Saturday, 25 June 2011

Work in Progress - The Dune Belt

I'm weaving again!

In my NESAT X article about the so-called Eric of Pomerania's Belt and the Dune Belt, I focused on the weaving technique and on the better preserved Eric of Pommerania's Belt. The fragmentary Dune Belt from Gotland mostly served as comparison, although it was actually because of it that I finally managed to figure out how the two belts were made and reconstruct the previously unknown tablet-weaving technique. Three years on, it's finally time for the Dune Belt to receive some long over-due attention. As it happens, this summer marks the 650-year anniversary of the Battle of Visby in 1361, when Danish king Valdemar invaded Gotland. The Dune treasure, in which the Dune Belt fragments were found, is believed to have been buried some time around the invasion.

On a side note: there will be a reenactment battle commemorating the events of 1361 on Gotland this summer: The Battle of Wisby. I will be there.

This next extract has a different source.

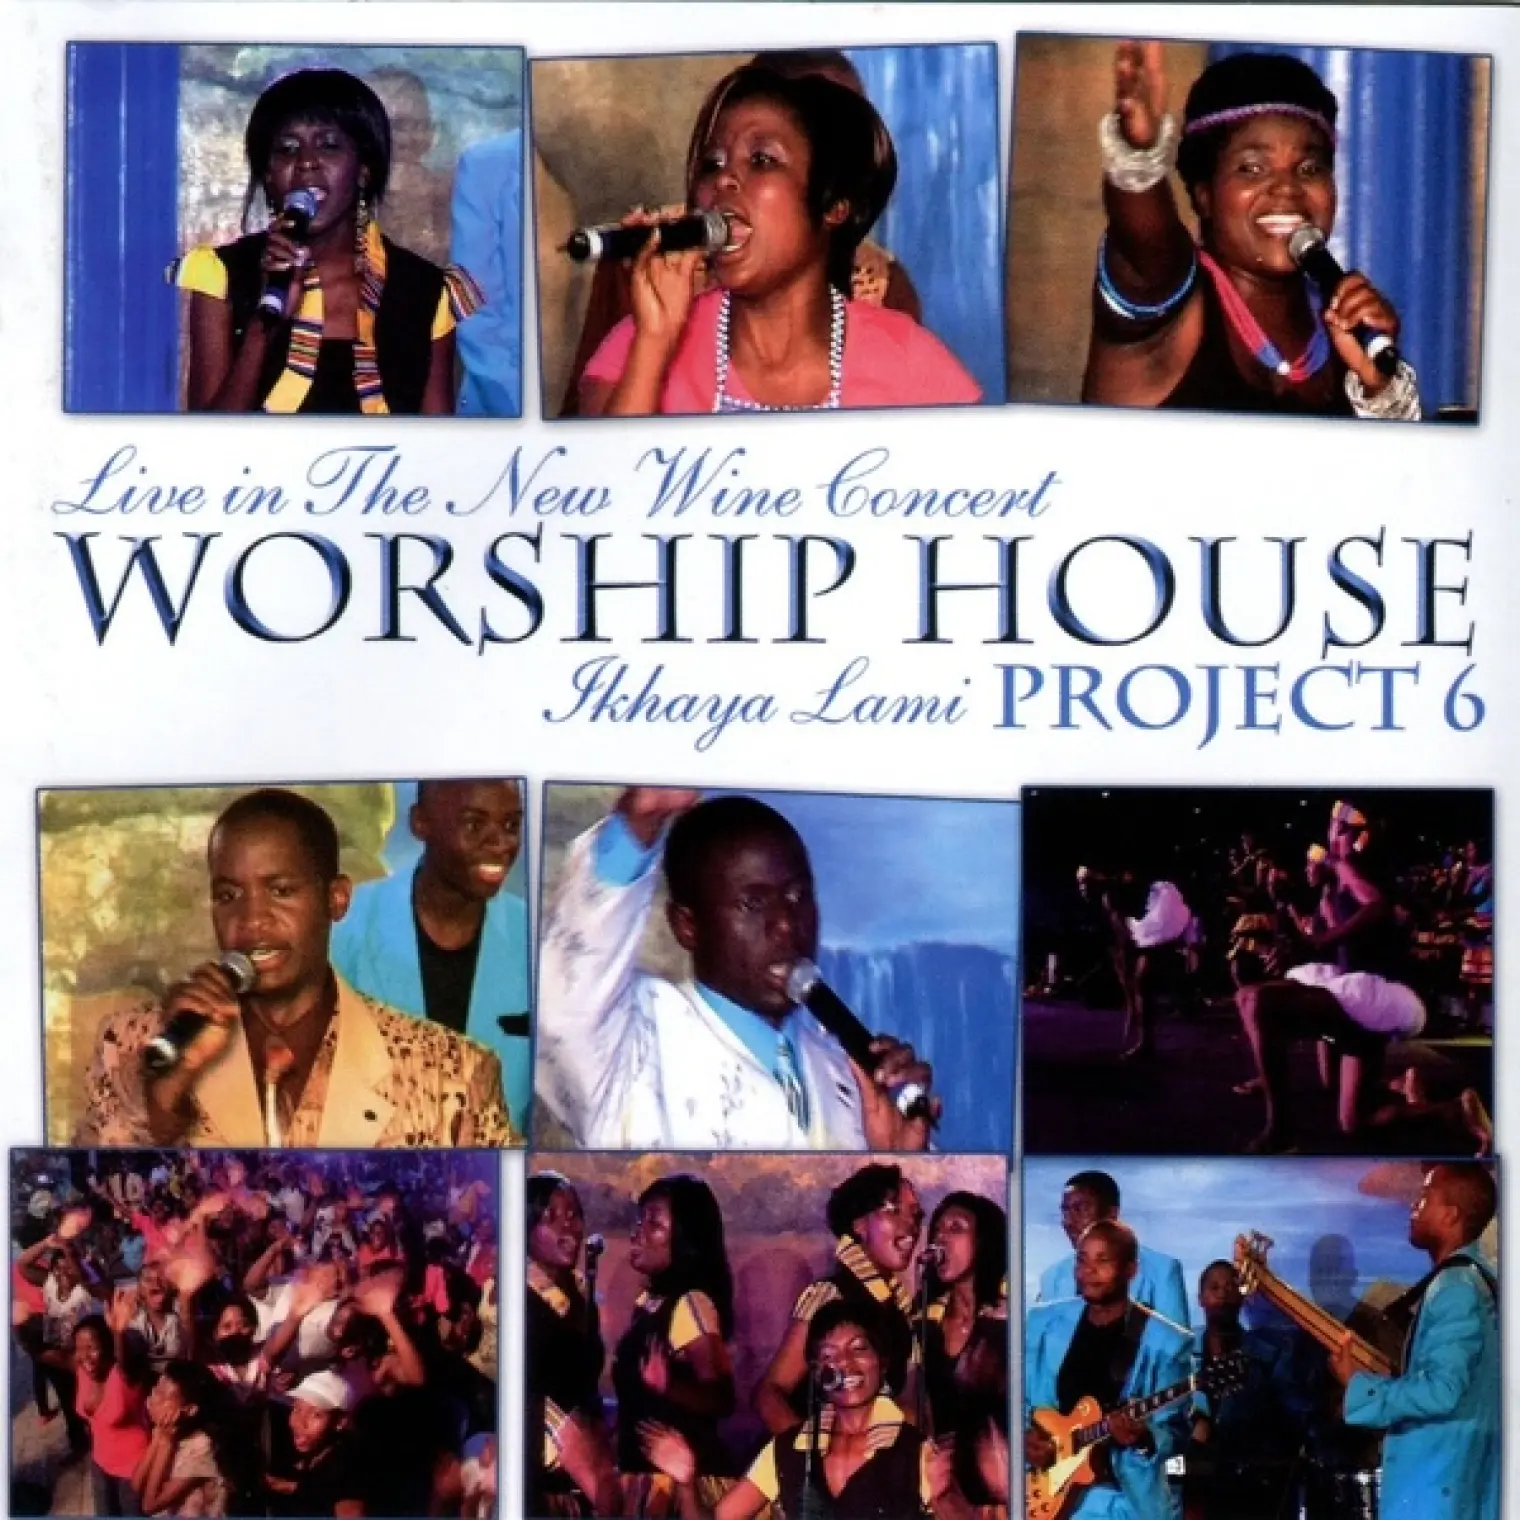 Project 6 - Ikhaya Lami, Live in the New Wine Concert -  Worship House

One of the Dune Belt fragments. Historiska Museet, Stockholm. Inv. No. 6849:68D.

It's difficult to say much about what the Dune belt originally looked like - no colours are preserved, as you can see in the image above, but the weave itself indicates some sort of diamond-shaped diagonal pattern. By focusing on the weave, I think it might be possible to get a better idea of how potential colours were distributed: changes in the pattern (the colours) result in changes in the acutal weave. So I've started weaving samples to see what kinds of colour changes will produce a weave that matches the fragments. So far I've made 5 samples, and I have a few more ideas to try out before going back to analyse the material and see what conclusions can be made (if any). The thread I'm using is Nm 60/2 spun silk, which is not quite right (the original is more like tightly twisted 320 denier filament silk, which I will get for the next set of samples), but it will do for now.

First sample. Loosely tensioned wefts, giving the weave an "Eric of Pomeriana"-look, rather than the tight "Dune"-look.
Second sample. Wefts pulled tighter, moving towards the "Dune"-look.
Third sample. Almost half the width of the first sample. Still not quite tight enough for the Dune Belt.

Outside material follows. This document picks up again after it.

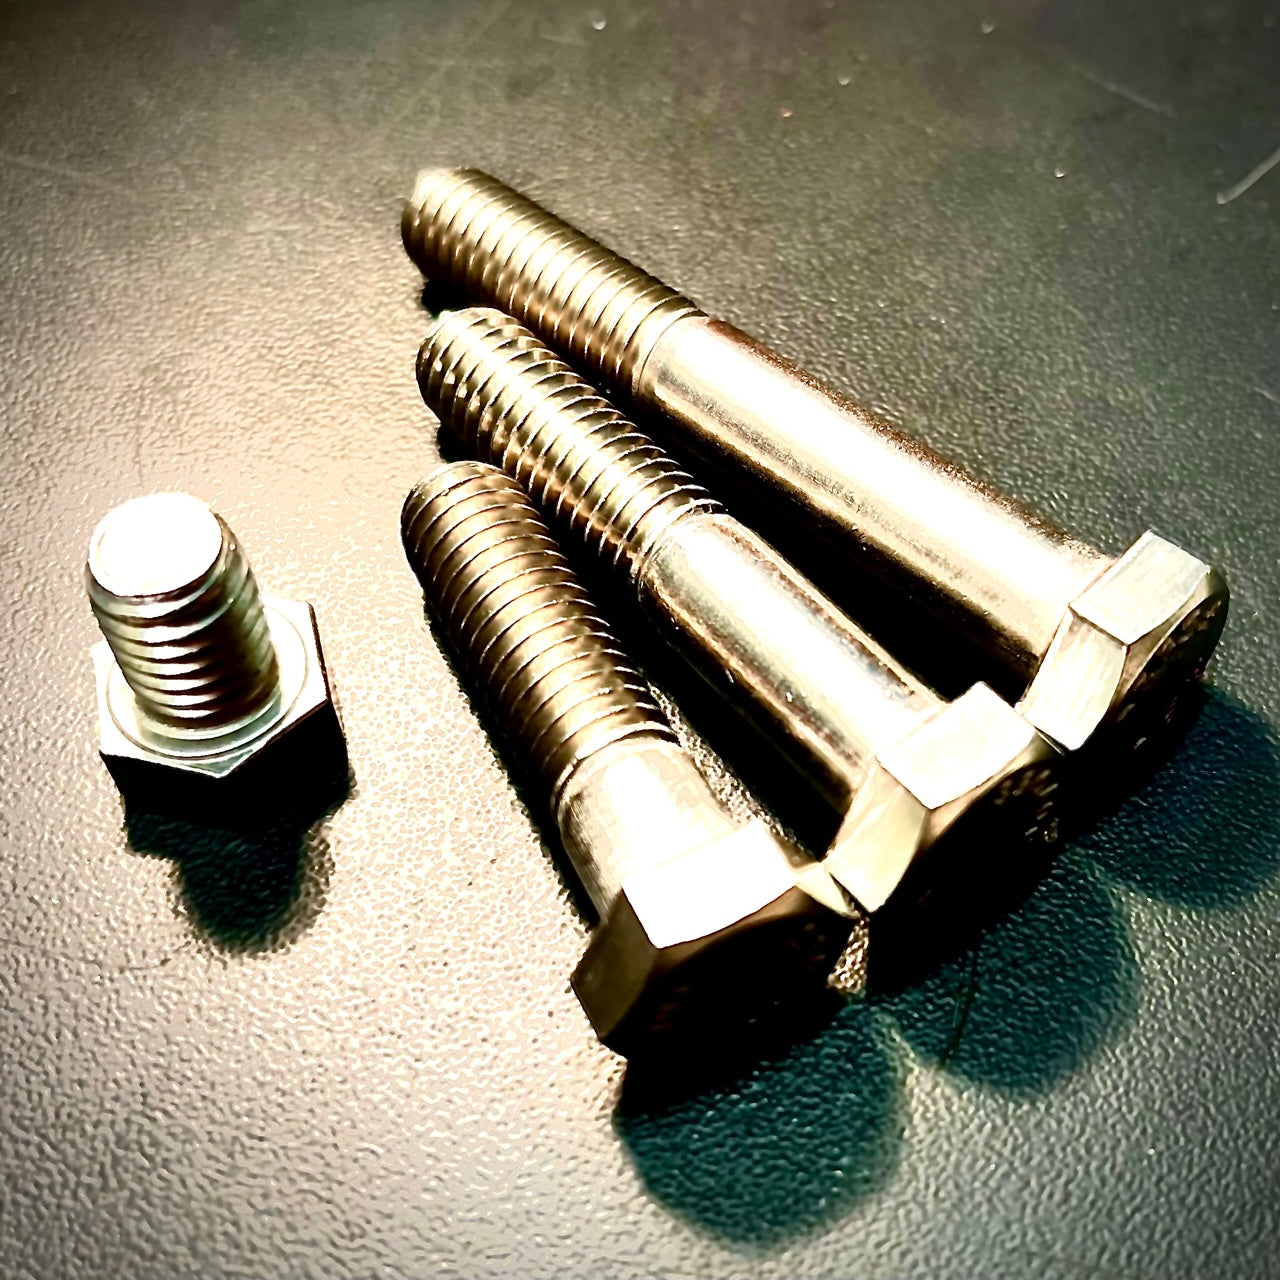 UNC 3/8"Hex Bolt and Set Screws A2 304 Stainless Steel DIN931 - Fixaball Ltd. Fixings and Fasteners UK

The pattern of the third sample really looks very nice! I like it a lot - imagine an entire belt dotted with those tiny diamonds!!! Unfortunately, it doesn't seem to match the fragments particularly well, but I won't rule it out completely until I get it under a microscope together with the original. I plan to put my results into a proper article when I'm done with all the samples and comparisons. In the meantime, the work-so-far will be exhibited during the huge weaving fair Väv 2011 in Borås, Sweden, this September (see this link for an English pdf-version of the programme)!


References and links: 

Holmqvist, V. "A Study of Two Medieval Silk Girdles: Eric of Pomerania's Belt and the Dune Belt", in  Andersson Strand, E. et al. NESAT X. Northern European Symposium for Archaeological Textiles. Oxford: Oxbow Books, 2010, 117-125.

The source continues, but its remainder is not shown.